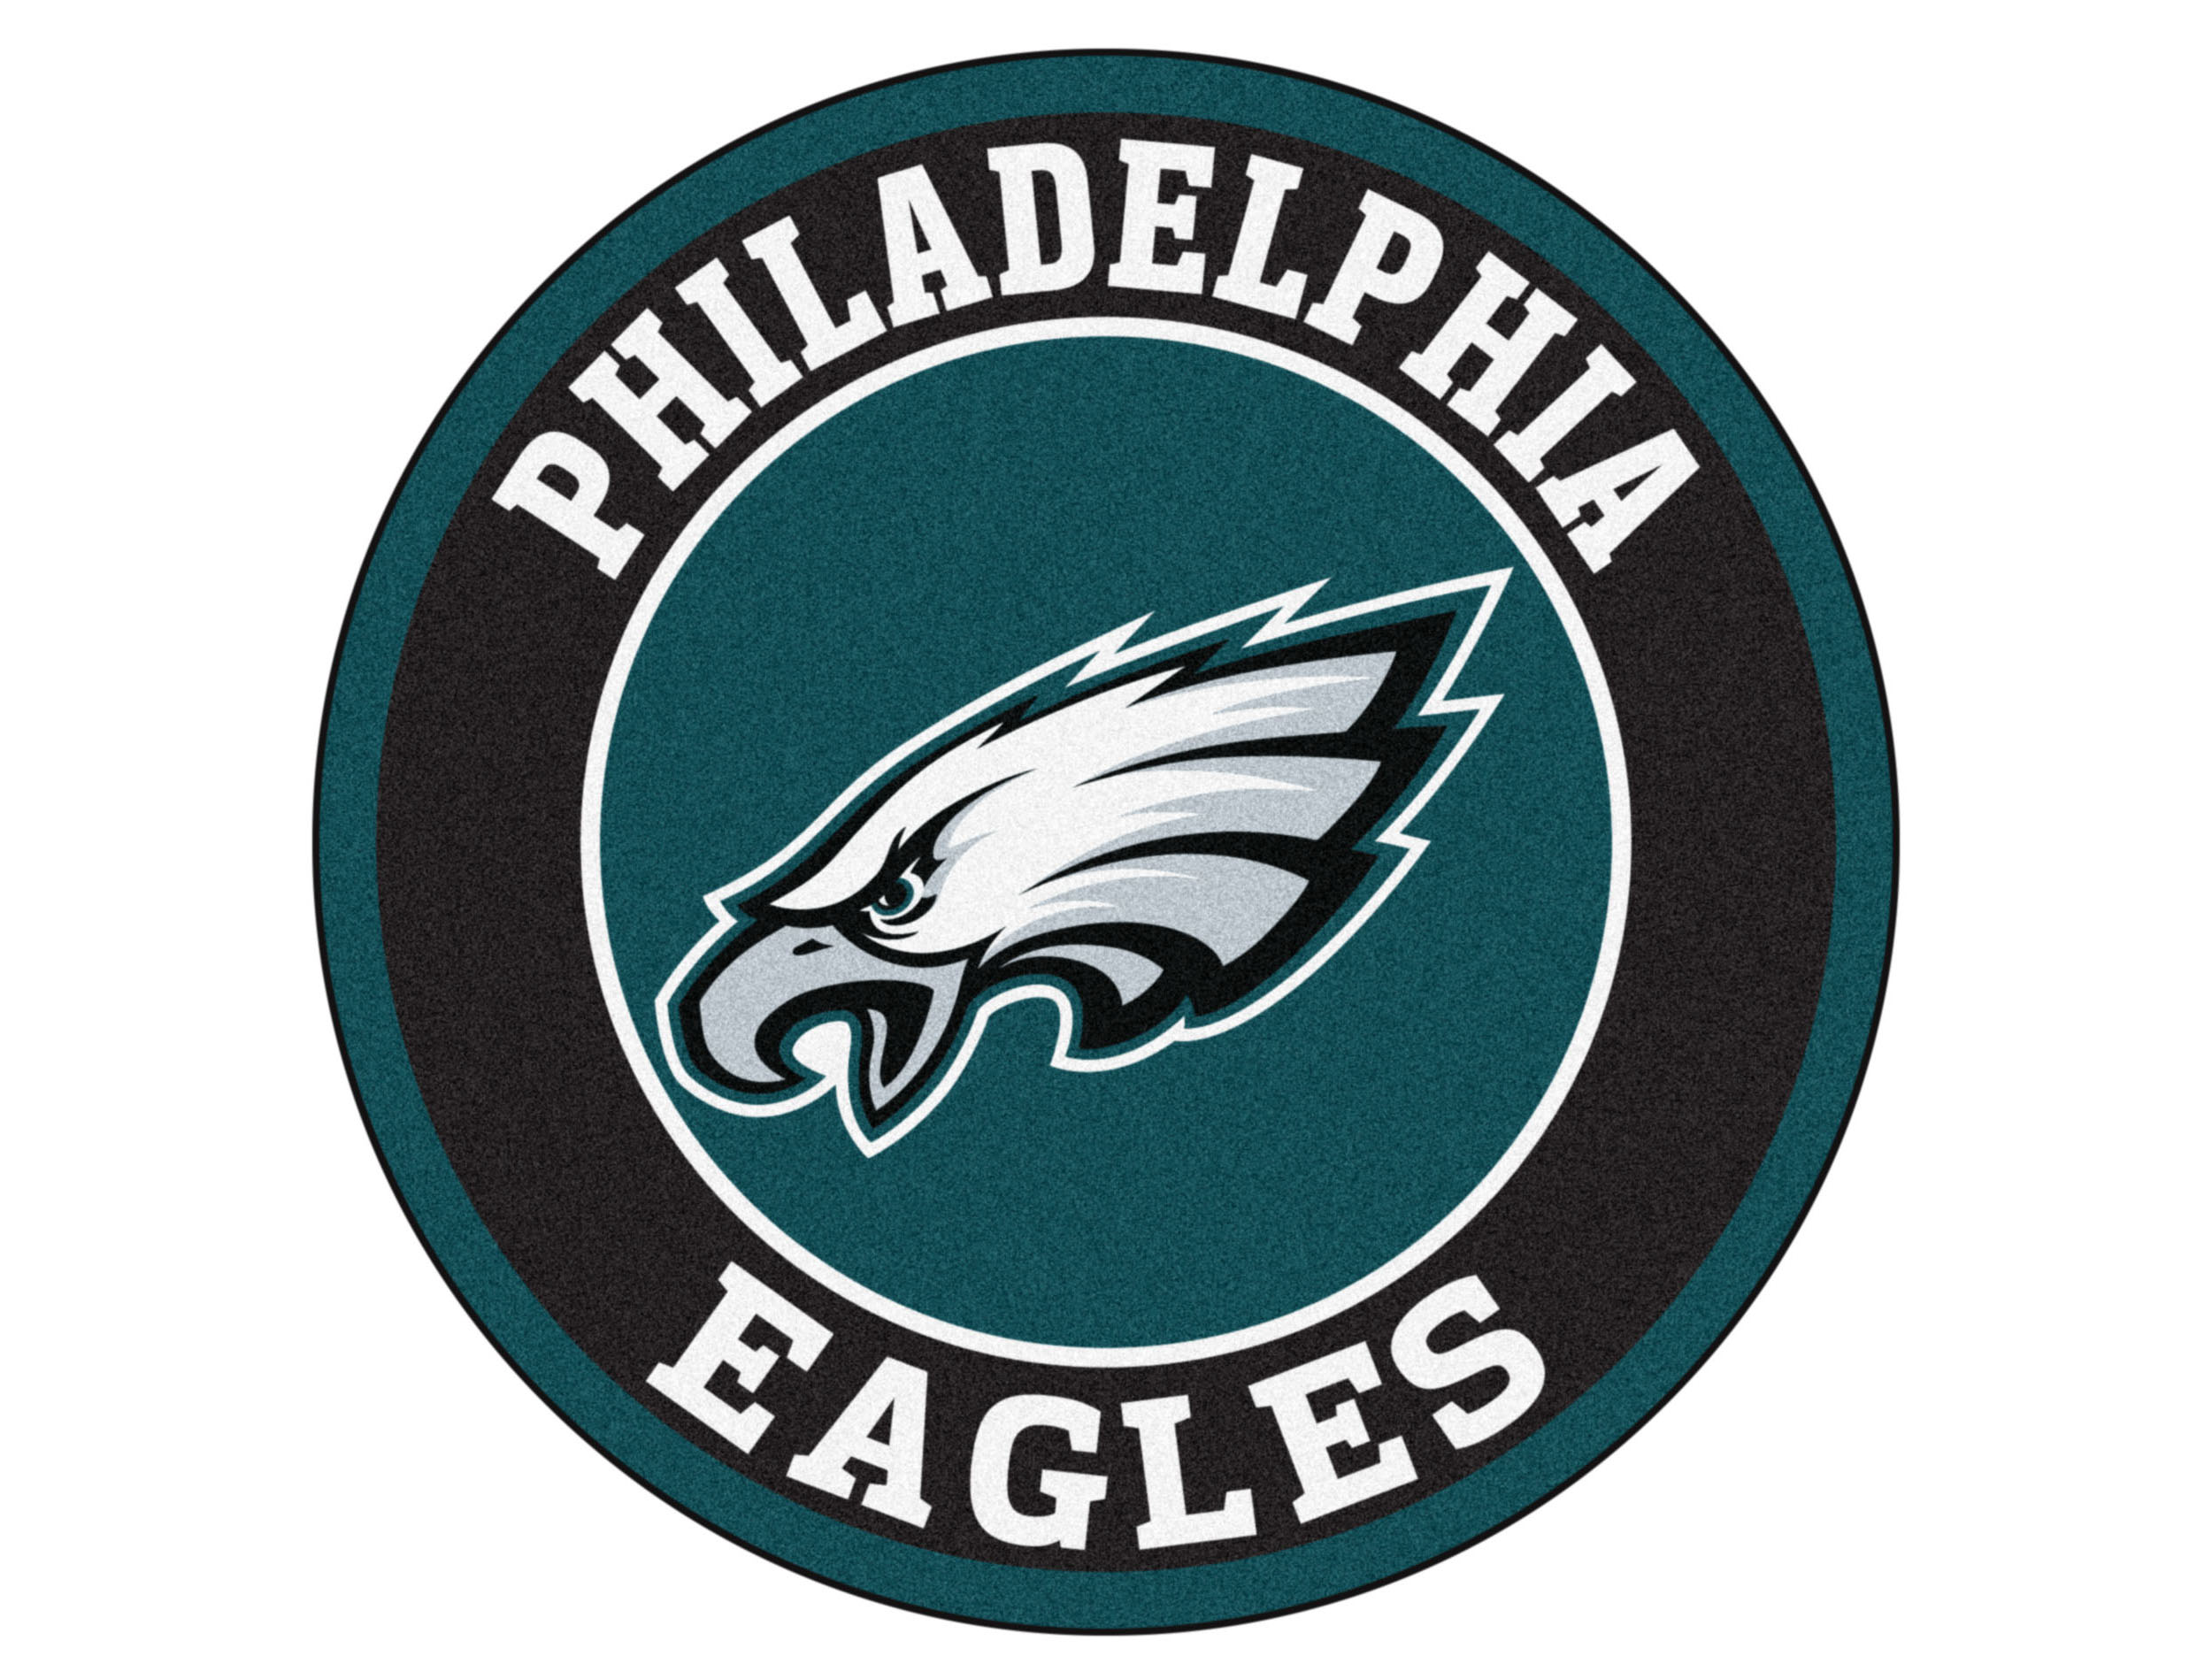 Philadelphia Eagles Pennsylvania NFL Football Team Logo Design
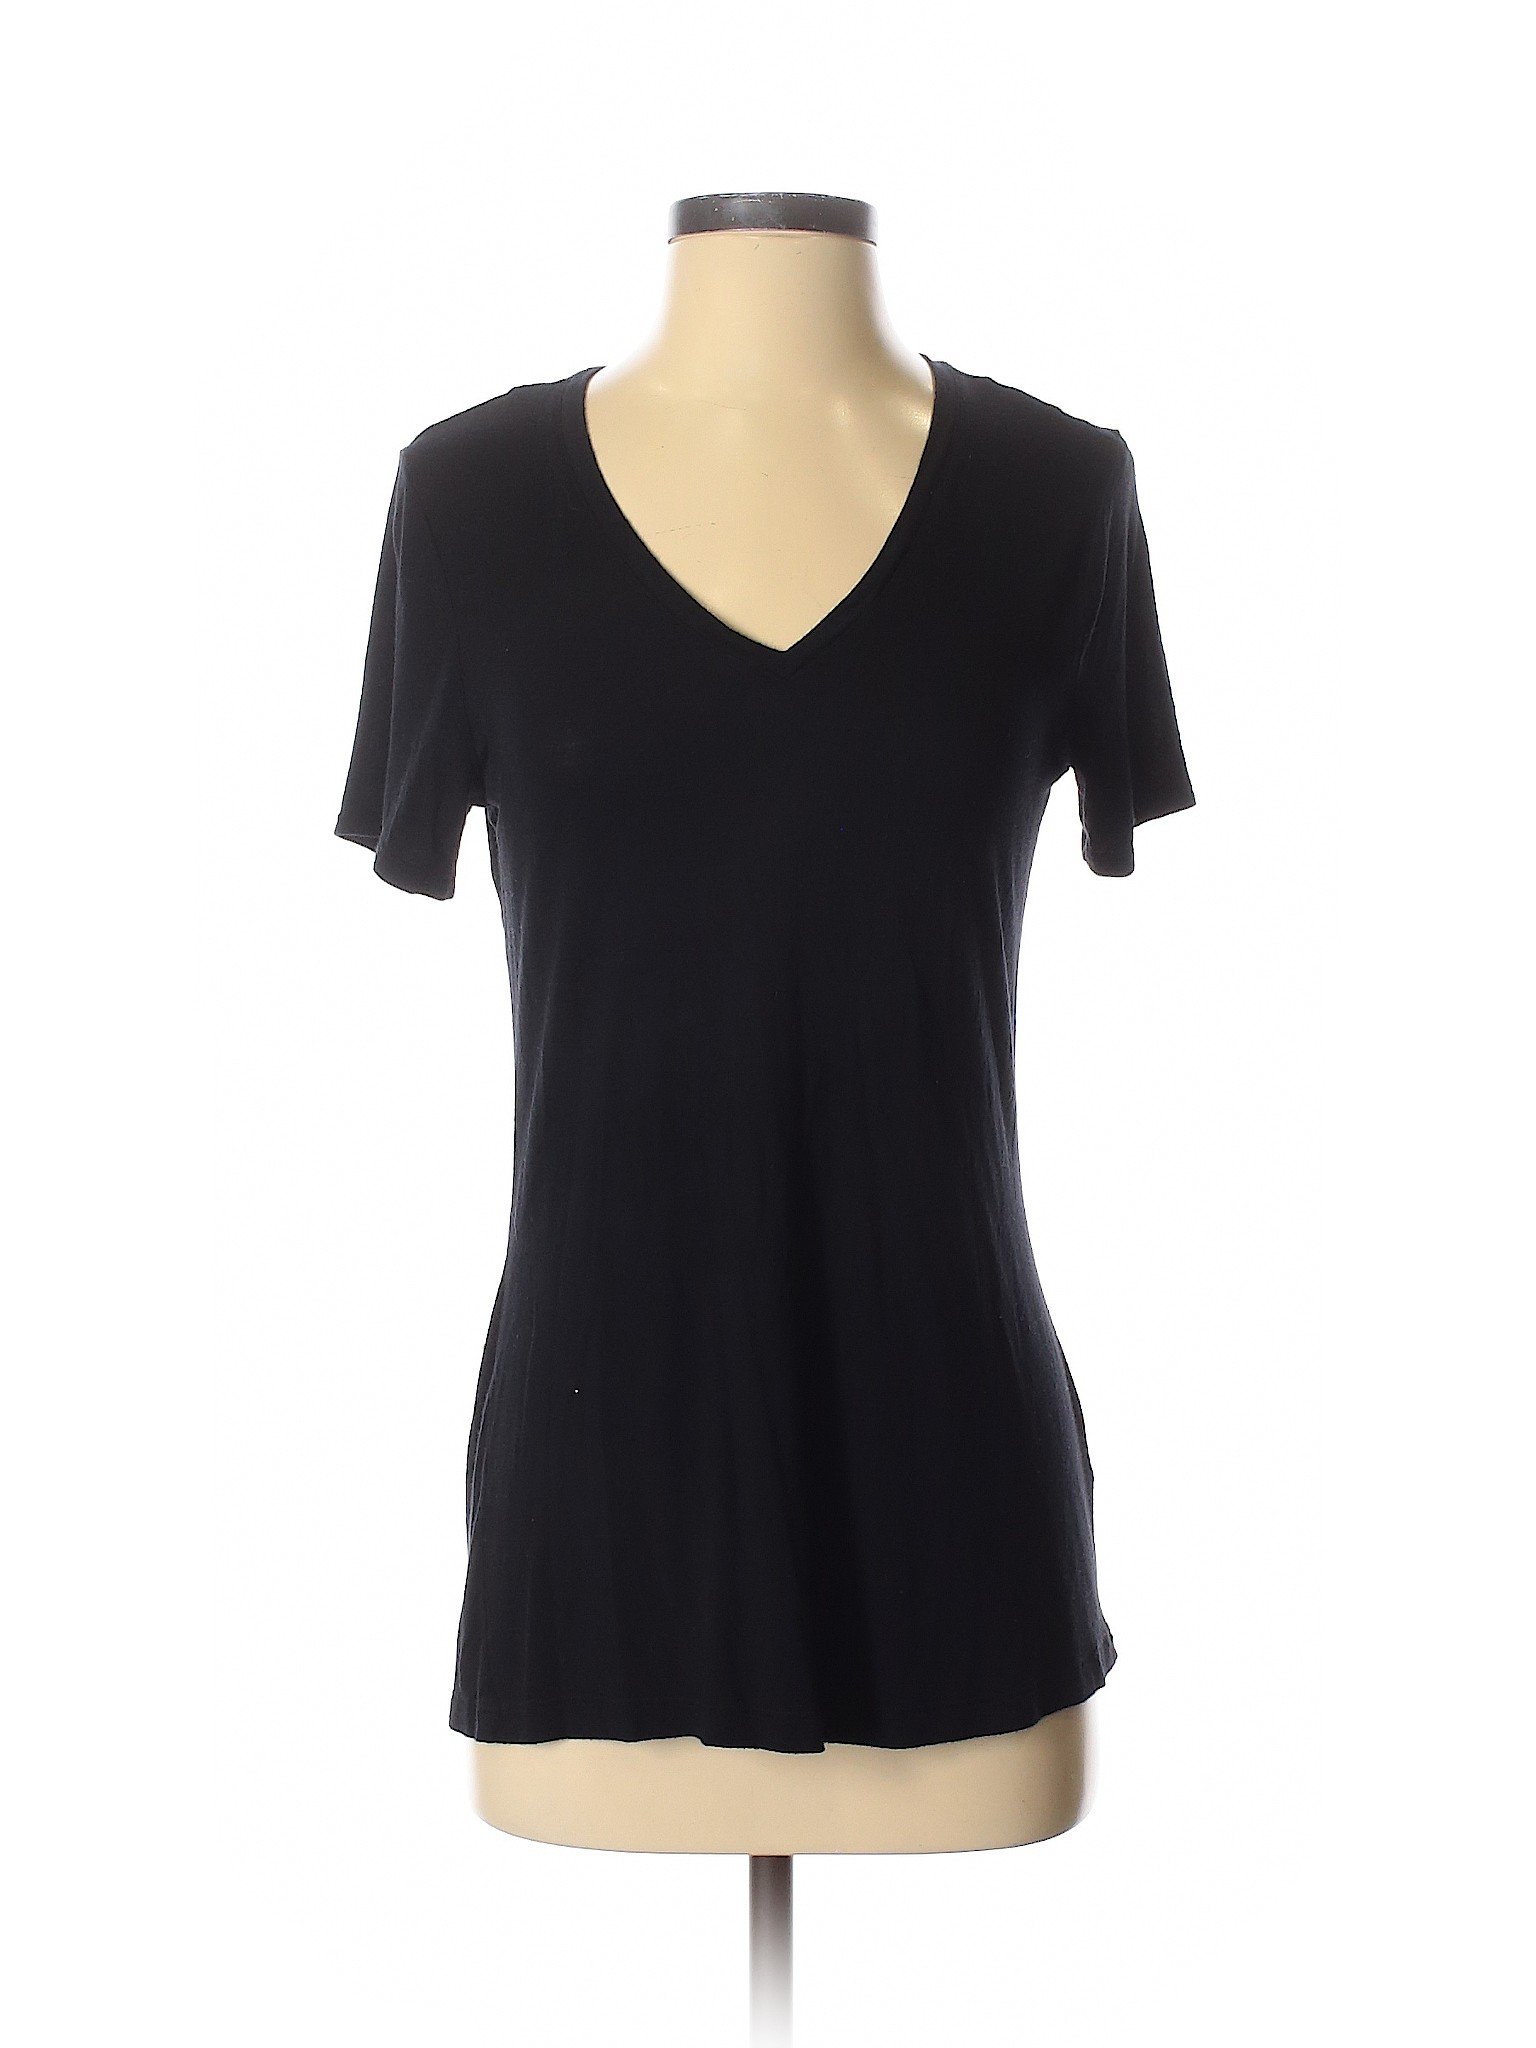 Apt. 9 Women Black Short Sleeve T-Shirt S | eBay
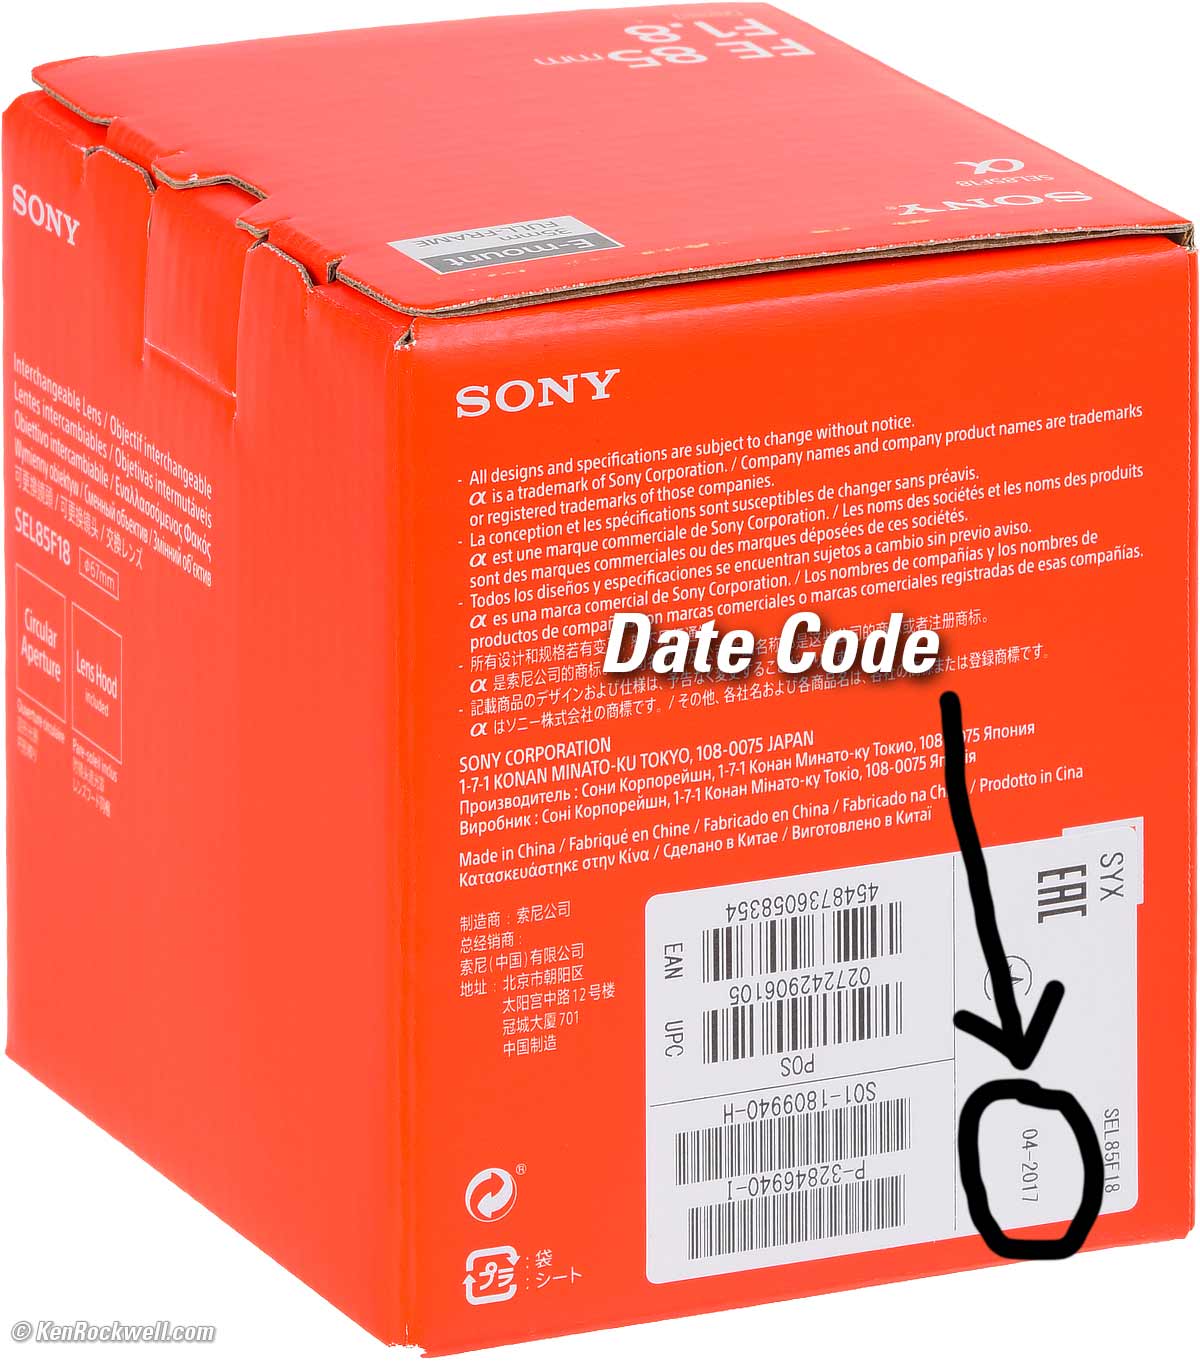 Sony Lens Serial Number

[INSTRUCTIONS FOR THE TASK]
Nothing but the pictures may be dropped as you repeat the listing above exactly.

[YOUR SOLUTION]
 Philadelphia Eagles Pennsylvania NFL Football Team Logo Design
 Apt. 9 Women Black Short Sleeve T-Shirt S | eBay
 Sony Lens Serial Number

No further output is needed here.